A Jan. 9, 2011, email chain shows that Abedin was informed of the incident by Justin Cooper, a longtime aide to former President Bill Clinton who for a time had responsibility for the server inside the Clinton family home in Chappaqua, New York.

“I had to shut down the server,” Cooper wrote shortly before 3 a.m., according to the records.

“Someone was trying to hack us and while they did not get in i didnt want to let them have the chance to.

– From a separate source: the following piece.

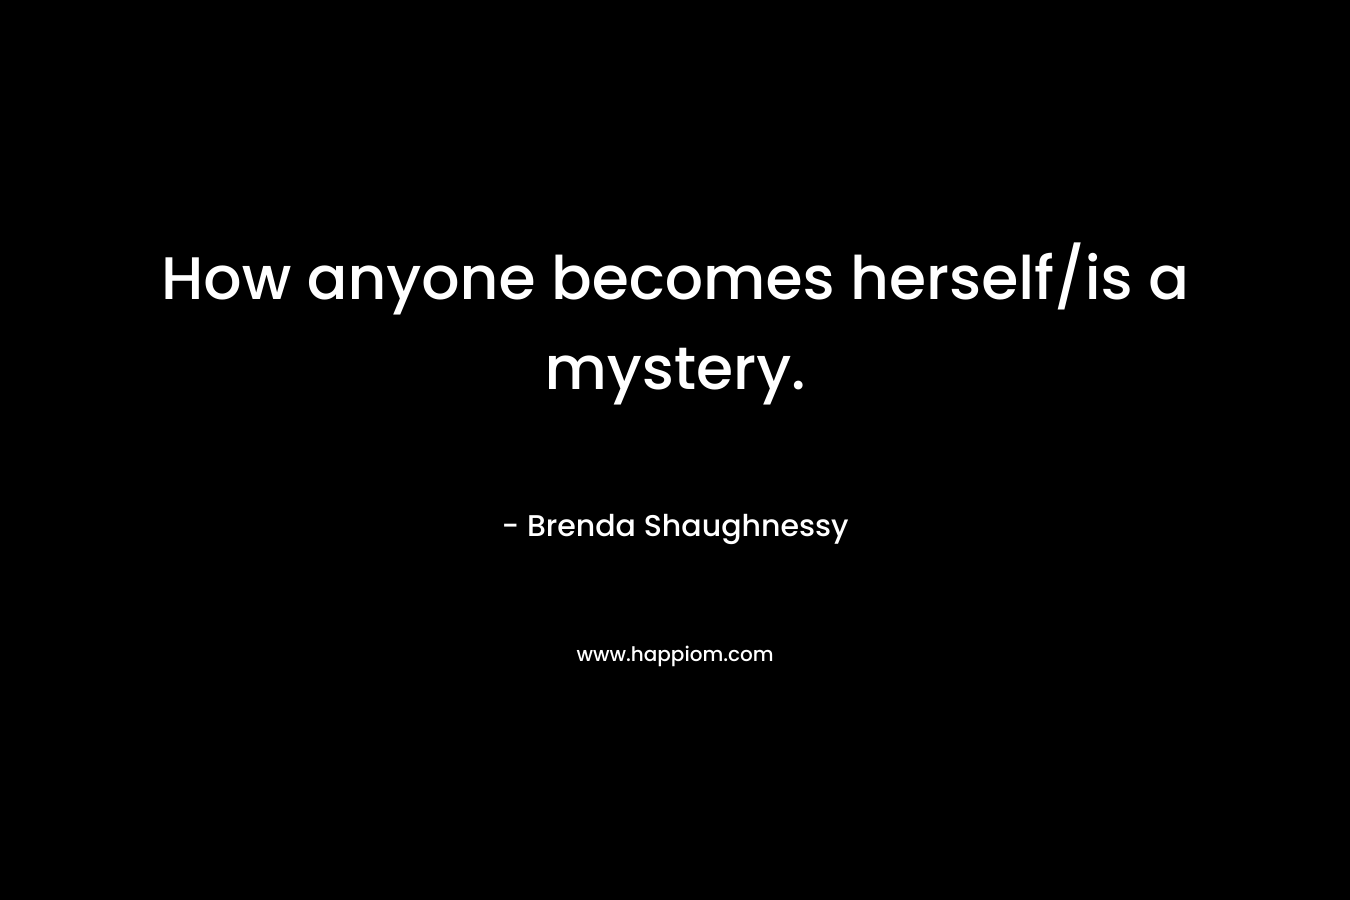 How anyone becomes herself/is a mystery.

I will restart in the morning.”

At 7:05 a.m, Abedin responded with a three-letter response: “omg.”

But it wasn’t until 6:30 a.m. on Jan. 10, 2011, that Abedin sounded the alarm in an email to Chief Staff Cheryl Mills and Director of Policy Planning Jacob Sullivan, the records show.

“Don’t email hrc anything sensitive. I can explain more in person,” Abedin wrote.

The emails were contained in 277 pages of documents that were added to the FBI’s online “vault” of public information within the past three days, according to the Daily Mail, which first reported their release.





The trove of records also contains five pages of hand-written notes summarizing a March 2, 2016, FBI interview of Cooper, who had neither a government security clearance nor expertise in cyber-security.

Cooper described how Clinton had a secure room known as “SCIF” — an acronym for sensitive compartmented information facility — in both her Chappaqua home and another in Washington DC.

Clinton’s server was located in the basement of the Chappaqua home, but the notes of Cooper’s interview suggest extremely lax security for both SCIFs.

“Open door — not always secured, sometimes when HRC not @ residence was not closed. (both resid,” the notes say.

“No understanding of when open/closed.”

The notes also say there were safes in the SCIFs, along with home computers and “no secure computers.”

In 2016, records released by the FBI infamously revealed that Cooper admitted he twice “destroyed Clinton’s old mobile devices by breaking them in half or hitting them with a hammer.”